One significant improvement is Principal Coordinates Analysis (PCO or PCoA), which is an eigen-analysis of a distance or dissimilarity matrix. In contrast to PCA, with PCO you can employ a broader range of distances or dissimilarity coefficients, including ones which ignore joint absences. R provides a function for calculating distances, the dist() function, which provides a fairly narrow range of distances (euclidean, manhattan, binary, canberra, and maximum). However, the vegan library provides the vegdist() function, and the LabDSV library provides the dsvdis() function as alternatives that provide many more indices, including those commonly used in vegetation ecology.
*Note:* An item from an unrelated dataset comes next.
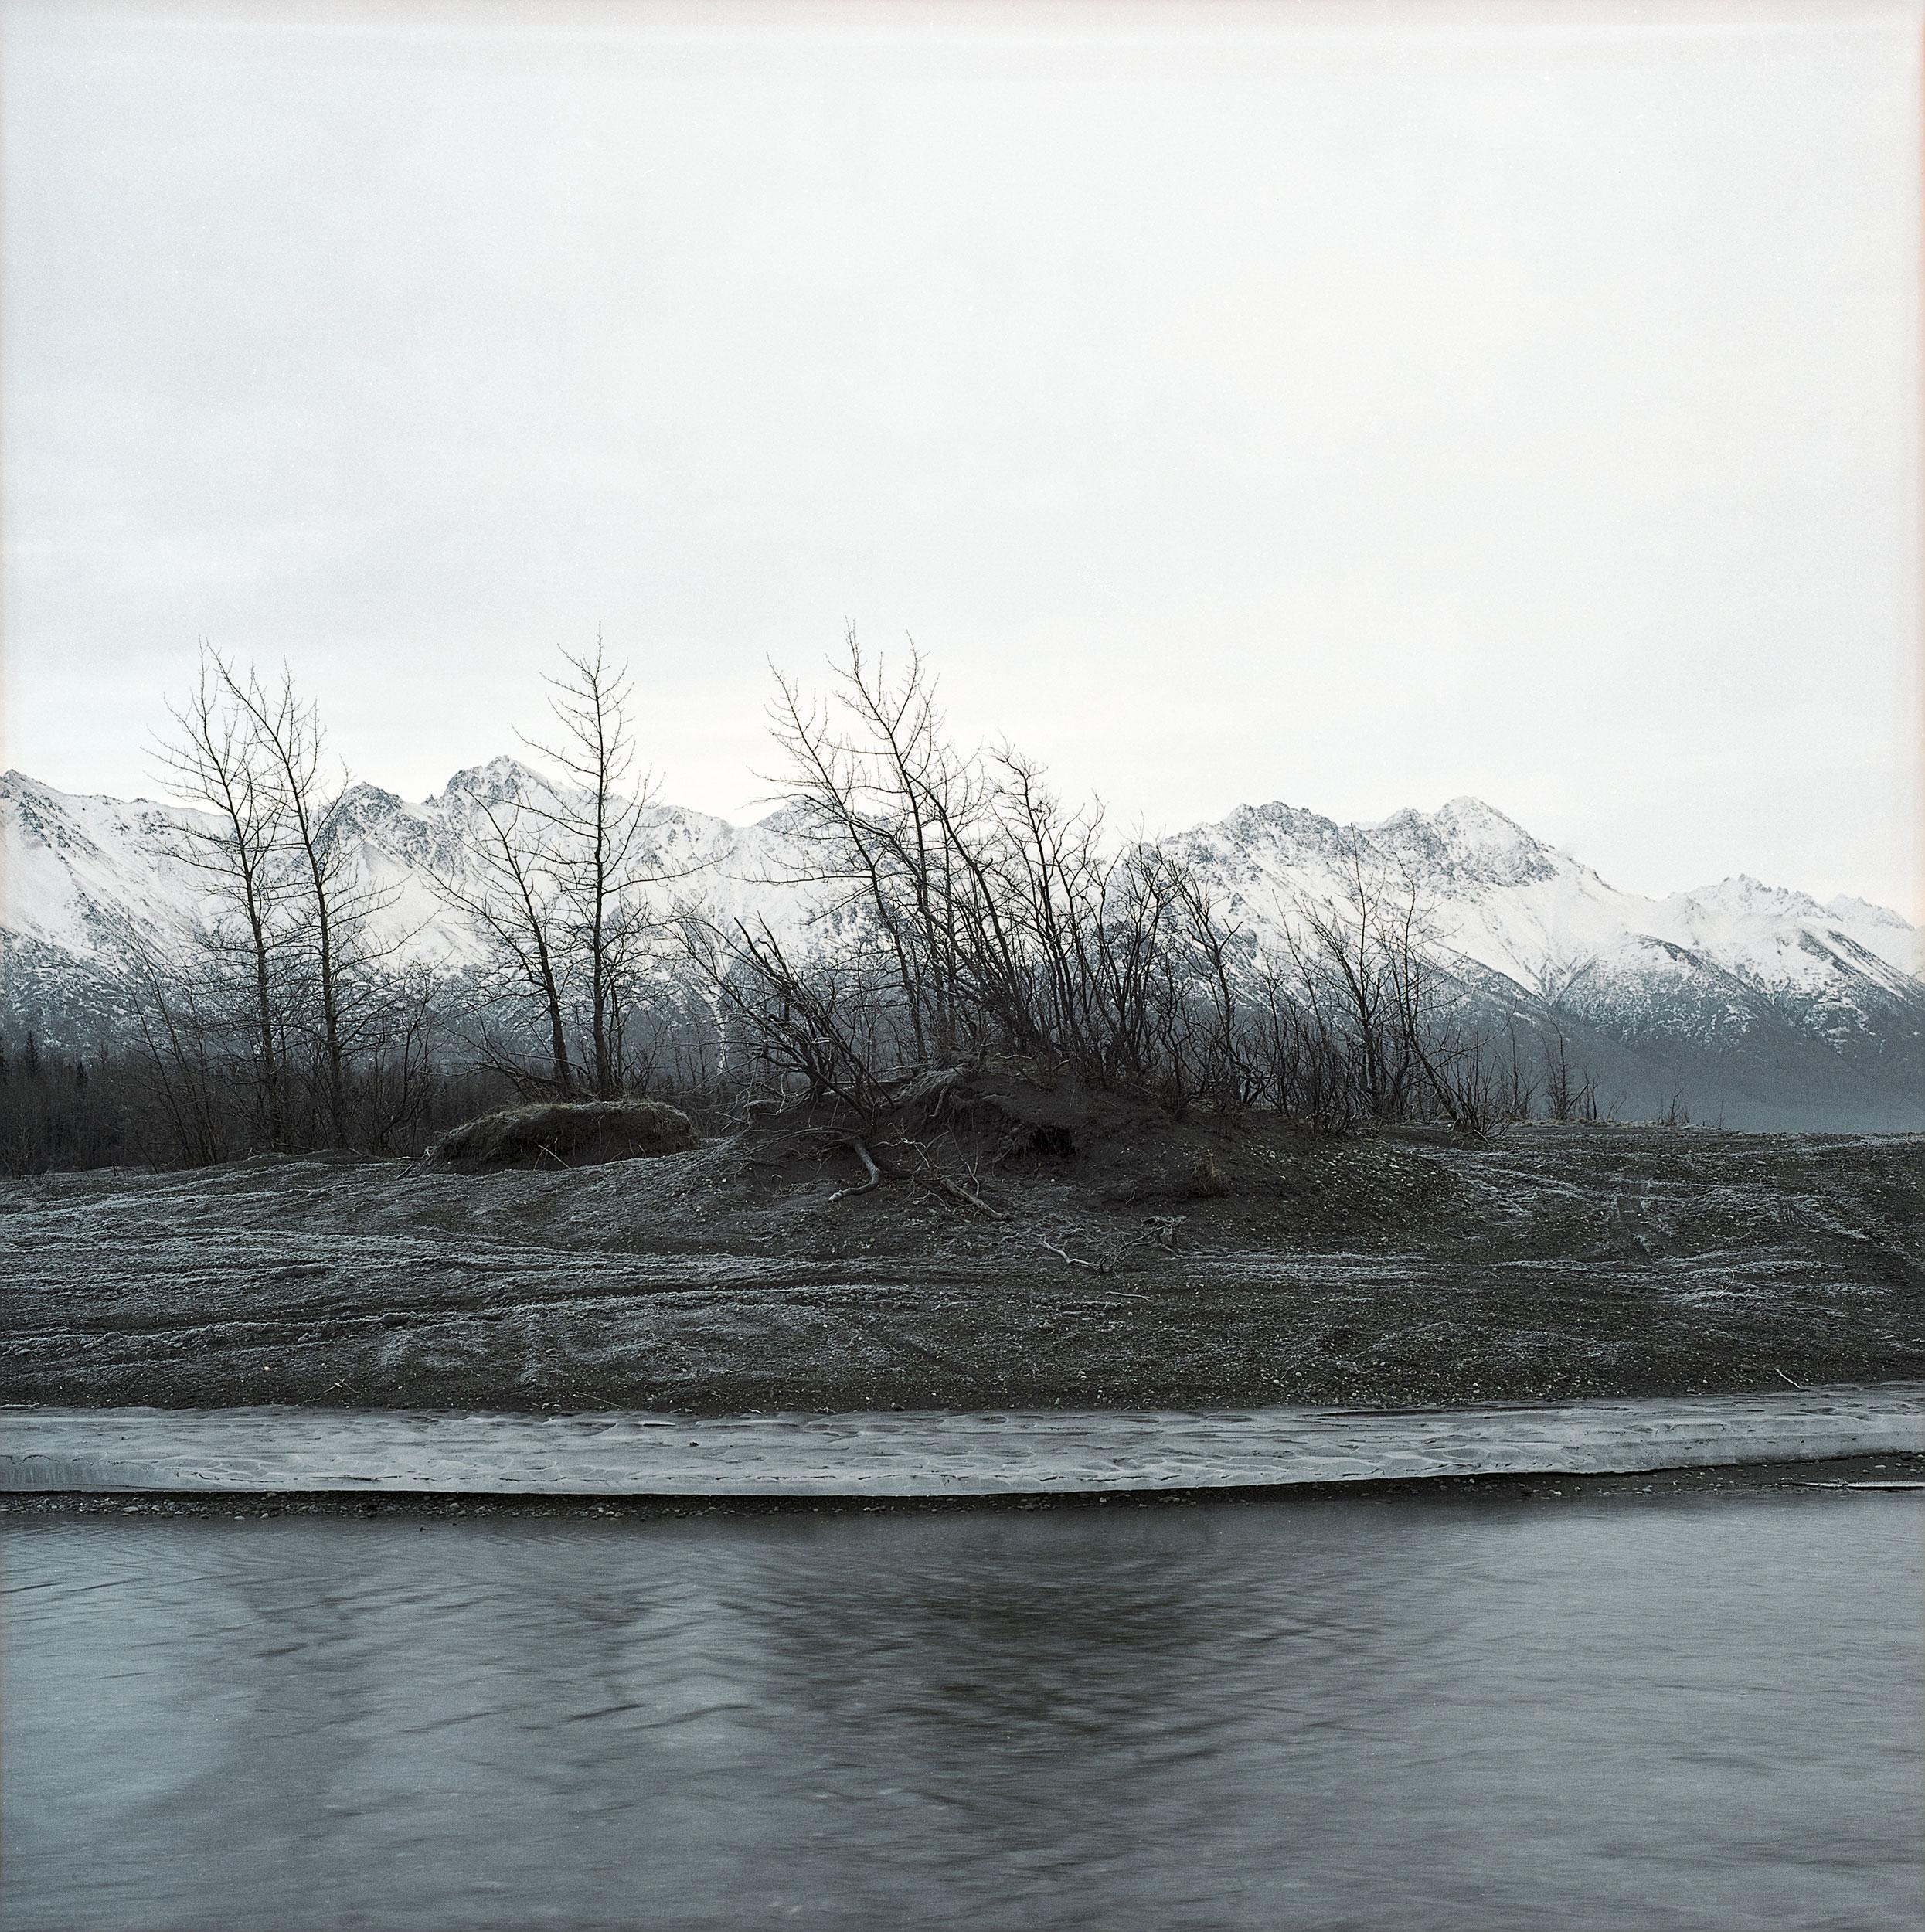 Knik River Alaska
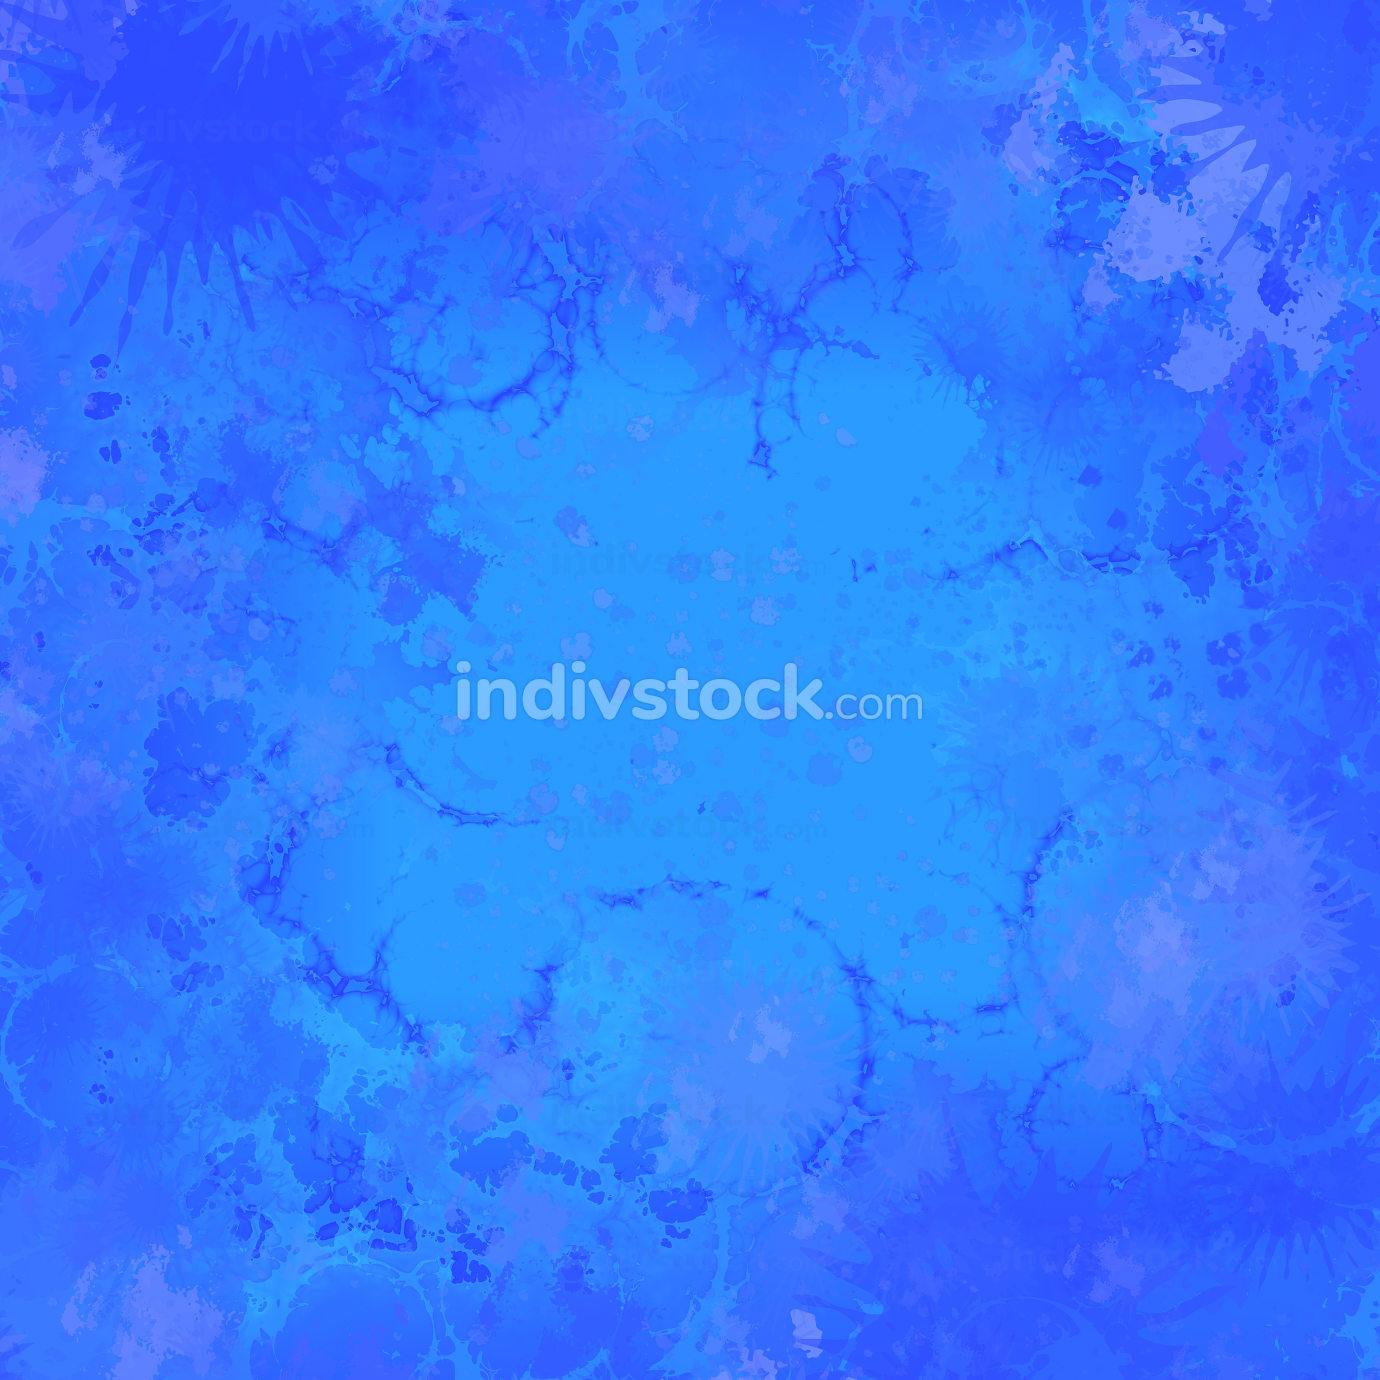 blue grunge splatter background

Table 1. Distances and Dissimilarities

Distance, Dissimilarity, or IndexdistveganLabDSV
methodmethodindex
euclideanXX
manhattanXX
binaryXsteinhaus1
sorensenX1
canberra XX
bray-curtis braybray/curtis
gower X
kulczynski X
ochiai X
ruzicka X
roberts X
Chi-Square chisq
morisitaX
mountfordX
hornX
minkowskiX
footnote
1 = converts to presence/absence

Table 1 specifies the distance, dissimilarity, or index functions used in various programs and libraries. The second line specifies the argument expected in the function call. The first column specifies the name of the index as commonly known; X indicates present under that name, another name indicates that the index is present in the function, but is called something slightly different. In all cases, the first argument to the function is the vegetation matrix (transformed appropriately before hand if desired), and the second argument is the distance, dissimilarity or index. Since R allows function arguments to be specified by order, as well as named, you don't have to remember whether the specific function uses "metric", "method", or "index" as long as it's the second argument supplied.

For example:

result <- dist(veg,method="canberra")     
result <- dist(veg,"canberra")

result <- vegdist(veg,method="bray")      
result <- vegdist(veg,"bray")

result <- dsvdis(veg,index="ruzicka")     
result <- dsvdis(veg,"ruzicka")
are all correct function calls for R, vegan, and LabDSV respectively. My convention is to name the result "dis" with an extension that specifies which distance, dissimilarity, or index I used. For example:
dis.euc <- dist(veg,'euclidean')
dis.bray <- vegdist(veg,method="bray")
dis.ruz <- dsvdis(veg,index="ruzicka")
R uses a function called cmdscale() to calculate what it calls "classical multi-dimensional scaling", a synonym for principal coordinates analysis. To make our work easier and more comparable to other techniques, we will use a LabDSV function called pco() which simply calls cmdscale with specific arguments, and provides more convenient plotting routines.

In contrast to PCA, the pco() function only calculates two dimensions by default. More dimensions can be specified with the k=n arguments, where n is the number of dimensions desired. Finally, rather than having loadings and scores, pco()stores the plot coordinates as points and the eigenvalues as eig. Accordingly,

euc.pco <- pco(dis.euc,k=10)
says "calculate the first ten eigenvalues of the veg.euc distance matrix, and store the plot coordinates and eigenvalues." The reduction in dimensionality is shown by the relative values of the eigenvalues, which we can plot as shown
barplot(euc.pco$eig)

As you can see, the first axis accounts for most of the variability, and the first two or three account for a large fraction. Had we calculated all the eigenvalues, it turns out that the first 149 are positive, with a sum of 1469.485. Accordingly, the first two axes account for

(euc.pco$eig[1]+euc.pco$eig[2])/1469.485
[1] 0.4790171
or almost half of the total.

To plot the ordination, just use the plot() function.

plot(euc.pco)

While Euclidean distance has a nice intuitive or familiar feel (it is after all how we see the world), it often does not work well with vegetation data. Similar to the correlation coefficient we used in PCA, over high beta-diversities Euclidean distance suffers a number of problems. While it certainly achieved a great reduction in dimensionality (almost half in two dimensions), it did not succeed in spreading out the points very clearly.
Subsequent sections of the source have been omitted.